Unsurprisingly, studies which observed subjects for longer found greater benefits and benefits were also more marked where the use of supplements was <10% in subjects at baseline, which, the authors suggest, made for a greater contrast between the lowest and highest thirds.
Yet, the paper’s 22 included RCTs, were less compelling, despite subjects having lower baseline vitamin D (38 nmol/L) than in the observational trials. Here, Vitamin D3 RCTs found supplementation reduced mortality by 11% - though there was not enough data to tease out the causes of death that were reduced. Vitamin D2 did not show protective effects and there were increased risks of mortality in RCTs that used lower intervention doses and shorter intervention periods. (Ref)
Generally RCTs suggest that vitamin D is most helpful in reducing cancer mortality, if not incidence. The aforementioned VITamin D and OmegA-3 TriaL (VITAL) RCT, is a well-known and oft-cited RCT and the results here suggest that cancer mortality is reduced (though incidence was not, although this may be because of insufficient timeframe). (Ref)
| VITAL | Detail |
|---|---|
| Subjects | n= 25,871 US men ≥50y and women aged ≥55y. |
| Intervention | vitamin D3 (2000 IU/d), omega-3 fatty acids (1 g/d), both or none. Median duration 5.3y. |
| Results | Vitamin D did not significantly reduce cancer incidence or mortality overall, but after the first year cancer mortality reduction was significantly different to placebo to reach 25% less in the third year. |
Source: Manson et al (2019). (Ref)
In further support, a 2019 meta-analysis of 50 RCTs (n = 74, 655 subjects, average age 74y, 64% women) found Vitamin D reduced the risk of cancer death by 15%. These results were despite average trial duration <3y and the presence of very few subjects with even moderate vitamin D deficiency. (Ref) Another meta-analysis found similarly, that although vitamin D did not reduce cancer incidence overall, it did reduce cancer mortality by an average of 12%. (Ref)

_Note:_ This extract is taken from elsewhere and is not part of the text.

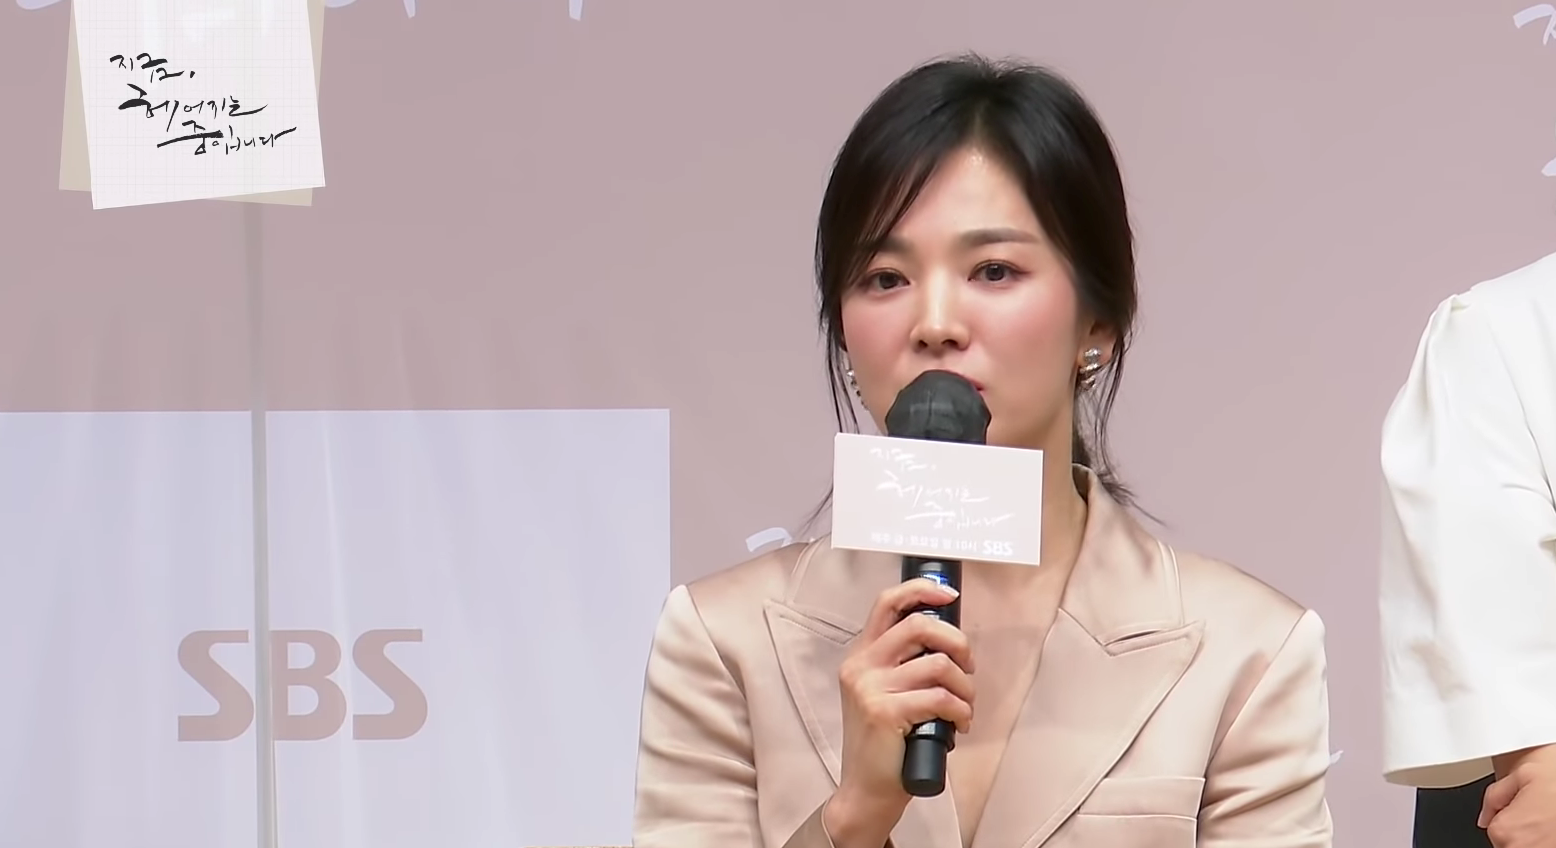 song-hye-kyo-shock-now-we-are-breaking-up-actor-jang-ki-yong-reveals-surprising-detail-about-song-joong-kis-ex-amid-dating-rumors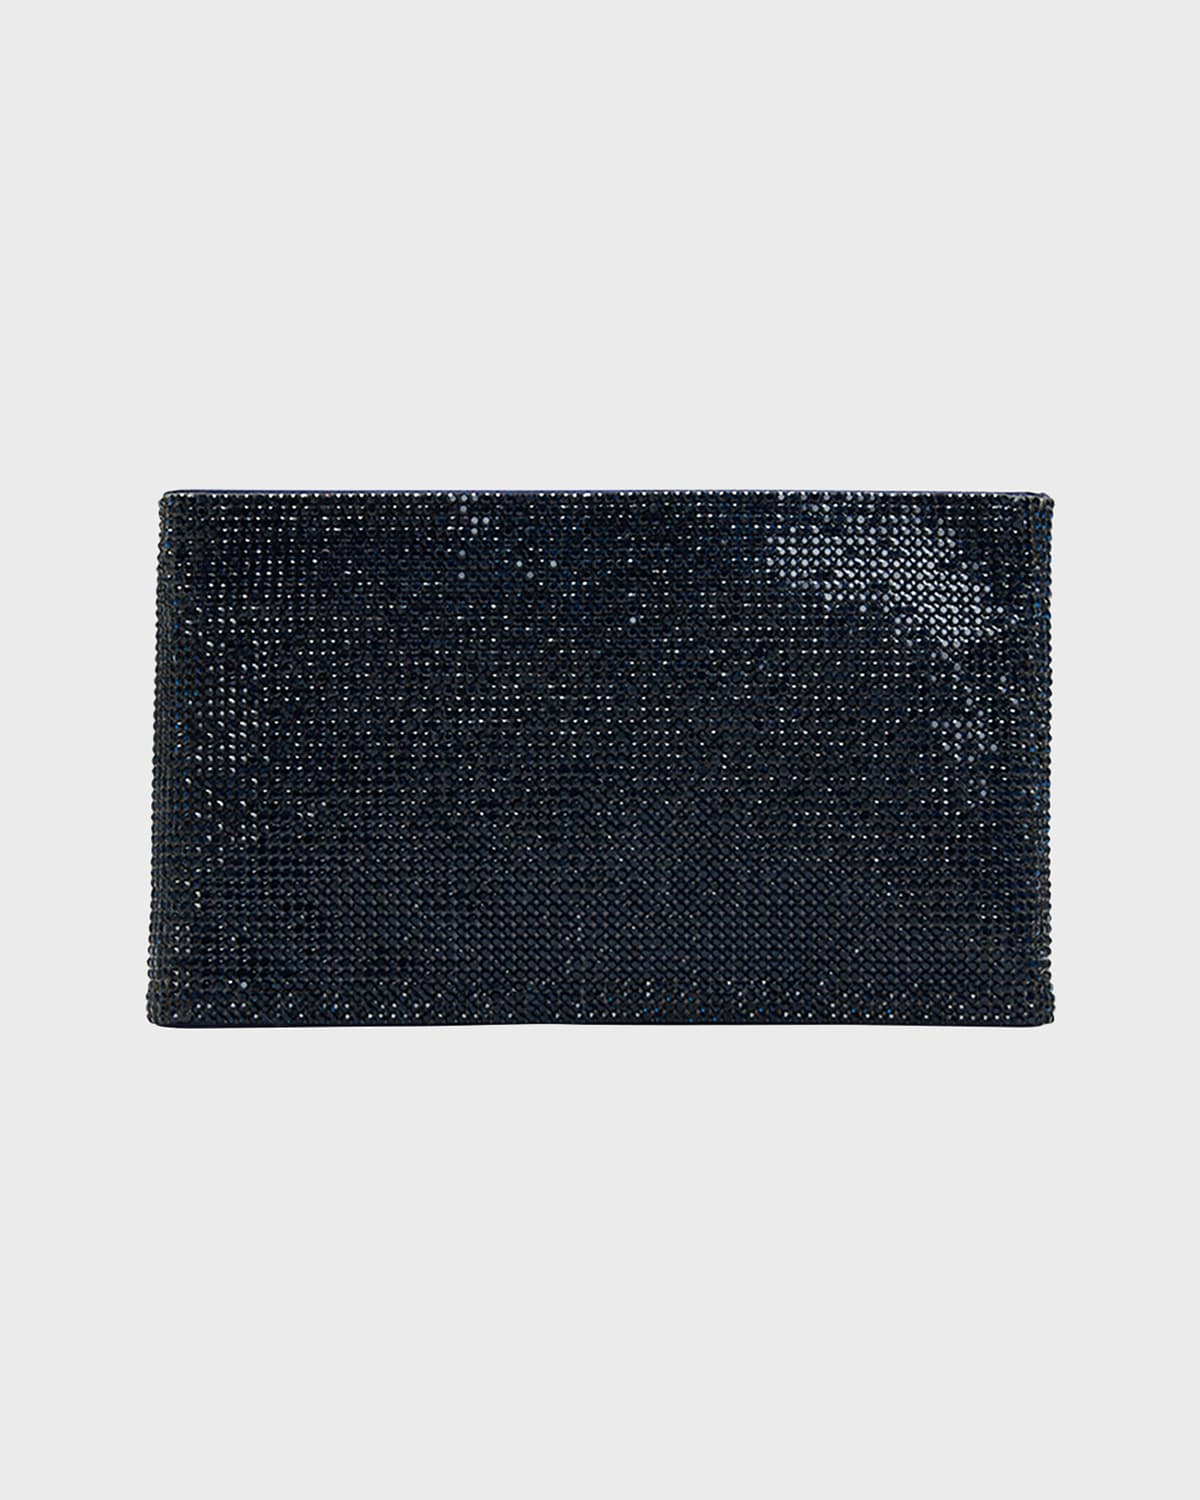 Judith Leiber Allover Crystal Zip Pouch Clutch Bag In Black

And amongst cancers, the best evidence is for a reduction in colorectal cancer (CRC). Seven RCTs (n = 957 CRC cases) found a 30% reduction in adverse CRC outcomes. This included a 35% reduction in progression-free survival. (Ref)
Conclusion
There are a lot of moving parts to the vitamin D story and I expect we’ll find out more about this multi-talented “vitamin” in the coming years. As a final takeaway, low vitamin D is common, so it’s easy to be complacent, but there are clear downsides to inadequate vitamin D; it’s easy to test to find out your level; and (unlike many health interventions) it’s relatively easy to address, even if that means supplements. Next up in the bone series is vitamin K.